Bob Florence (May 20, 1932 – May 15, 2008) was an American pianist, composer, arranger, and big band leader.

Career
A child prodigy, Florence began piano lessons before he was five years old and at seven gave his first recital. Although his early education was in classical music, he was drawn to jazz and big band. He went to Los Angeles City College and studied arranging and orchestration with Bob McDonald. He joined the college big band, and his classmates included Herb Geller and Tommy Tedesco.

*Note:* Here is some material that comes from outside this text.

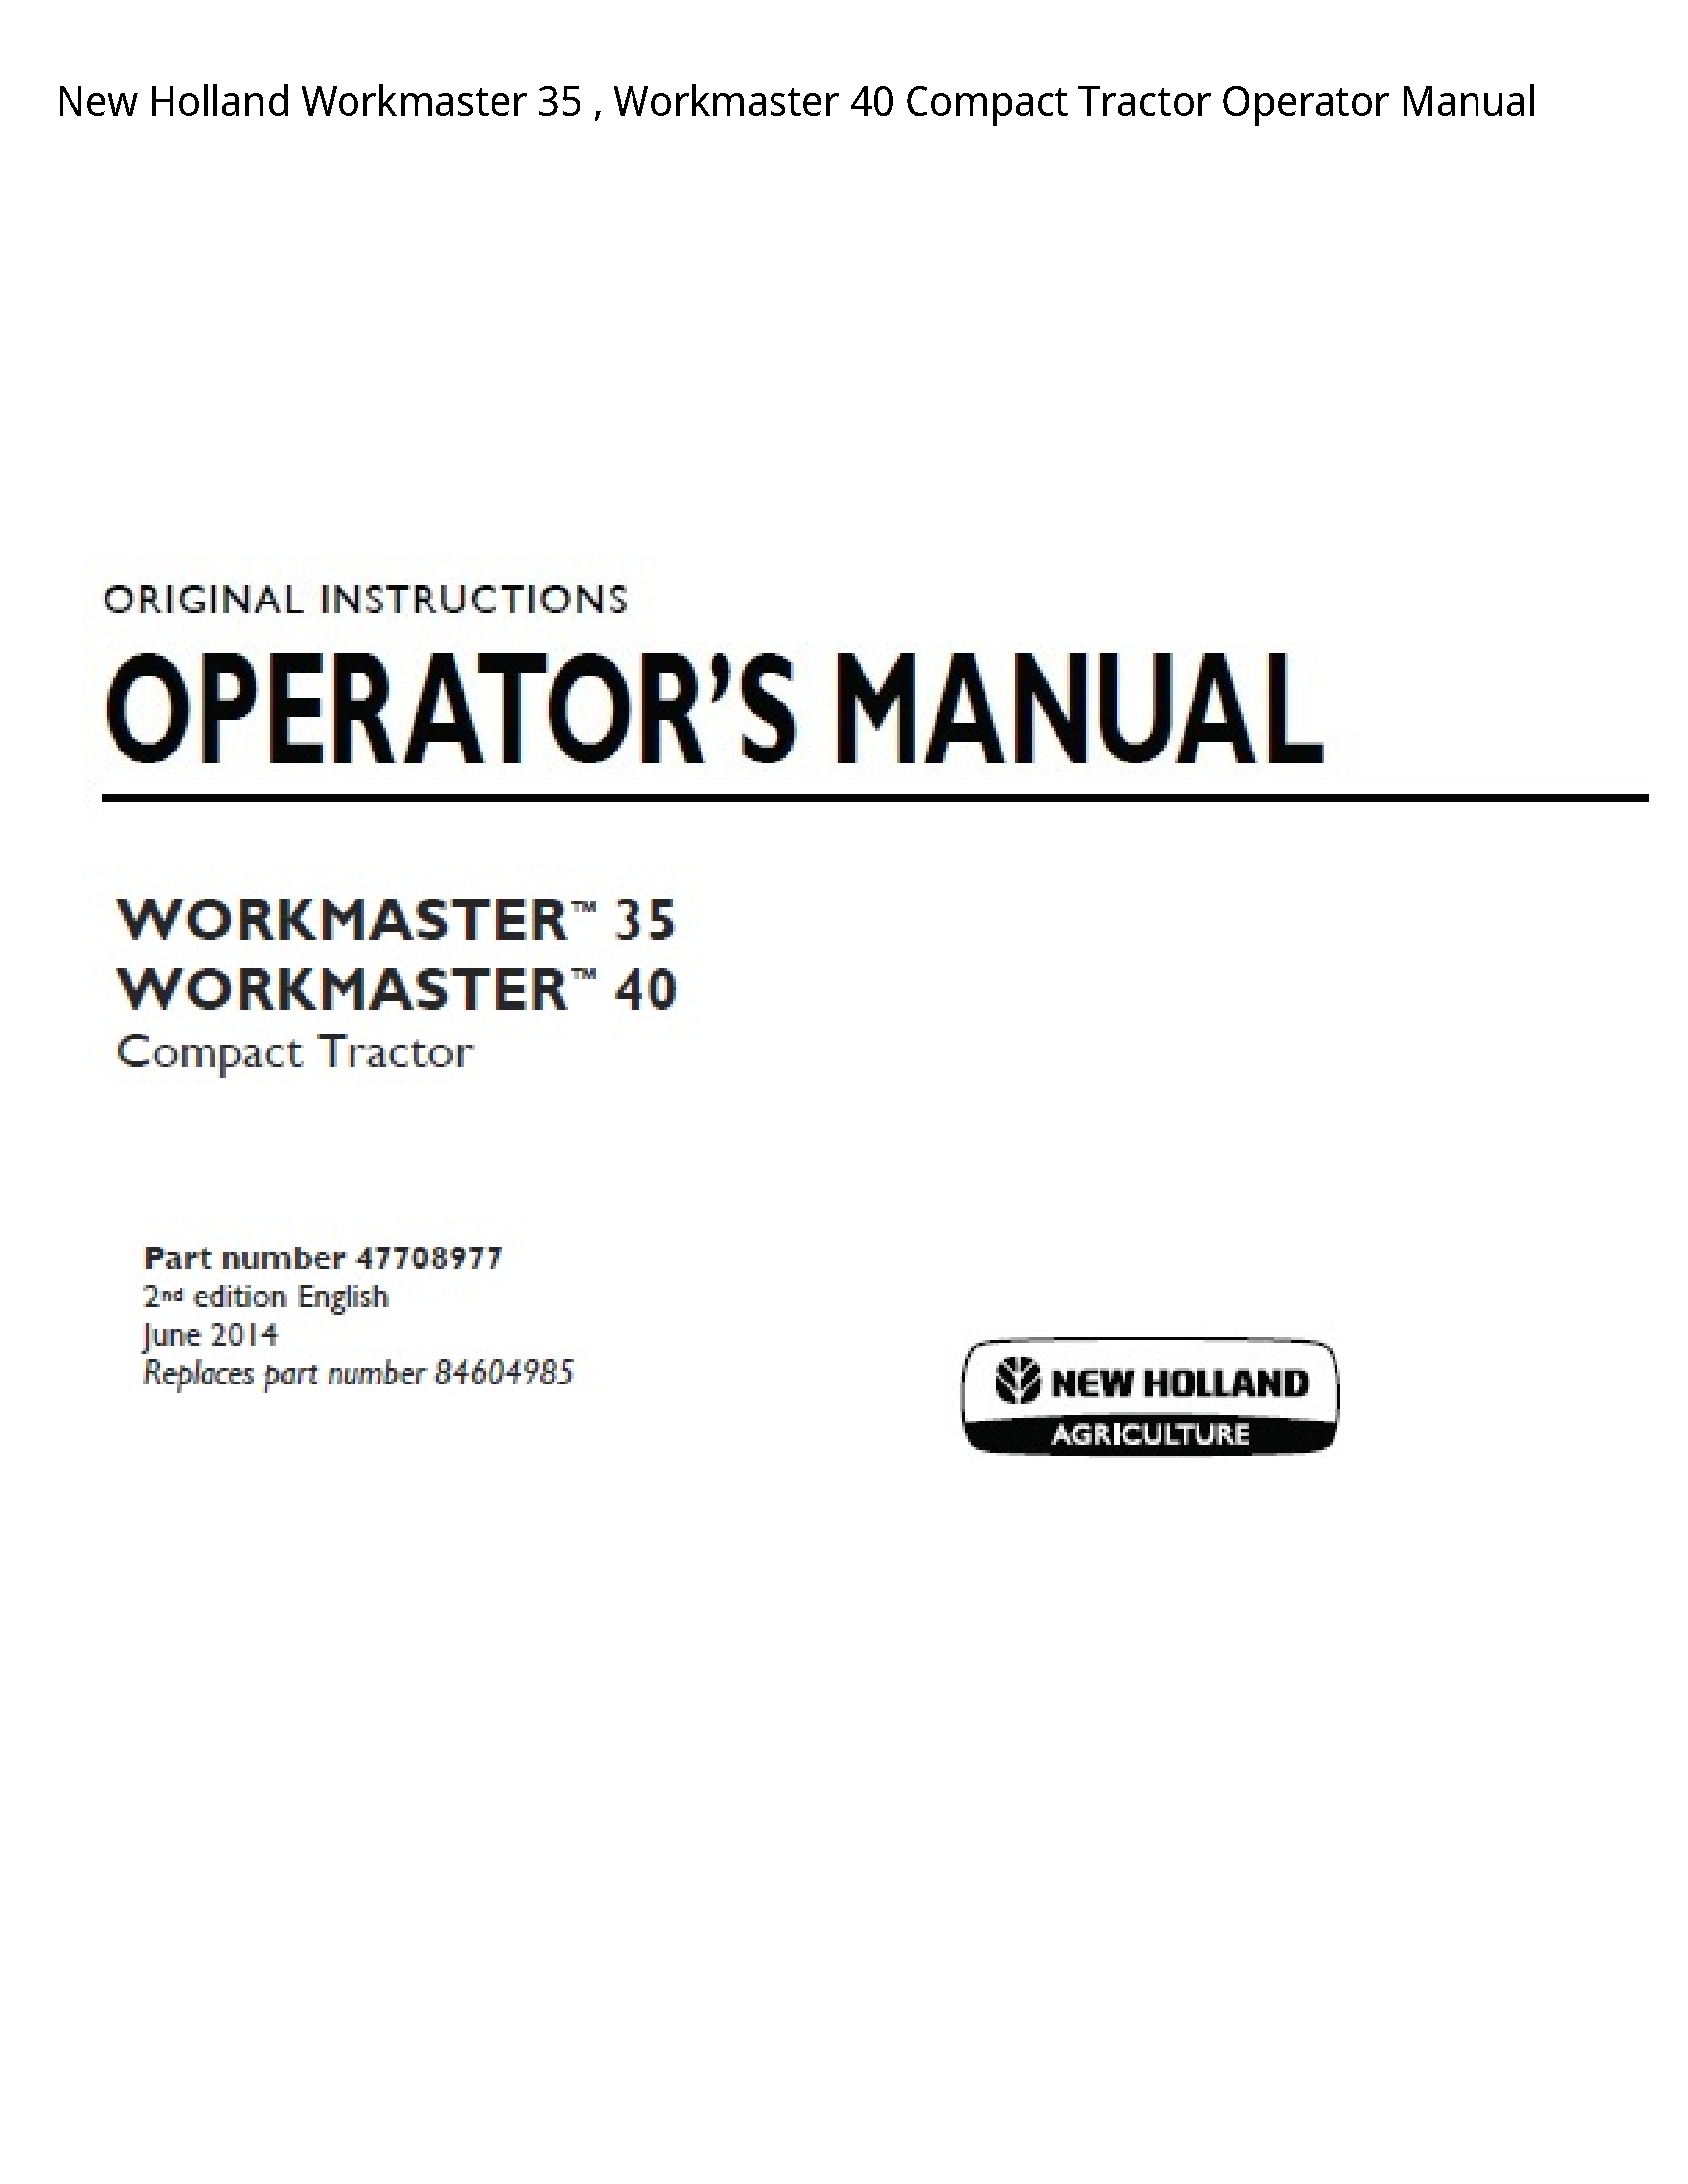 New Holland 35 Workmaster Workmaster Compact Tractor Operator manual

Florence spent most of his career with big bands, as a leader, performer, composer, and arranger. After graduating from college, he was a member of bands led by Les Brown, Louis Bellson, and Harry James. His arrangement of "(Up A) Lazy River" for Si Zentner was a hit in 1960, and won a Grammy Award. Dave Pell hired him to work full-time as an arranger for Liberty Records. The job gave him the opportunity to write in several genres: bossa nova with Sérgio Mendes, jazz with Bud Shank, and pop vocal with Vic Dana.  Bob was the piano player on Bobby Vee's #1 hit "Take Good Care Of My Baby" in 1961

He worked often in Hollywood as a bandleader, composer, and arranger for TV variety shows, hosted by Dean Martin, Red Skelton, and Andy Williams, and he wrote arrangements for the Tonight Show band led by Doc Severinsen. He won an Emmy Award for a program by Linda Lavin (1981) and another for a concert by Julie Andrews (1990).

In 1979 he returned to a recording career that had been sidetracked by other work. Twelve years separated Pet Project (World Pacific, 1967) from Live at Concerts By The Sea (Trend, 1979). His album Magic Time (1984) was the first to be credited to his eighteen-piece big band, the Bob Florence Limited Edition. The band released albums throughout the 1980s and 1990s. In 2000, Serendipity 18 won the Grammy Award for Best Jazz Performance by a Large Ensemble. He received fifteen Grammy nominations during his career.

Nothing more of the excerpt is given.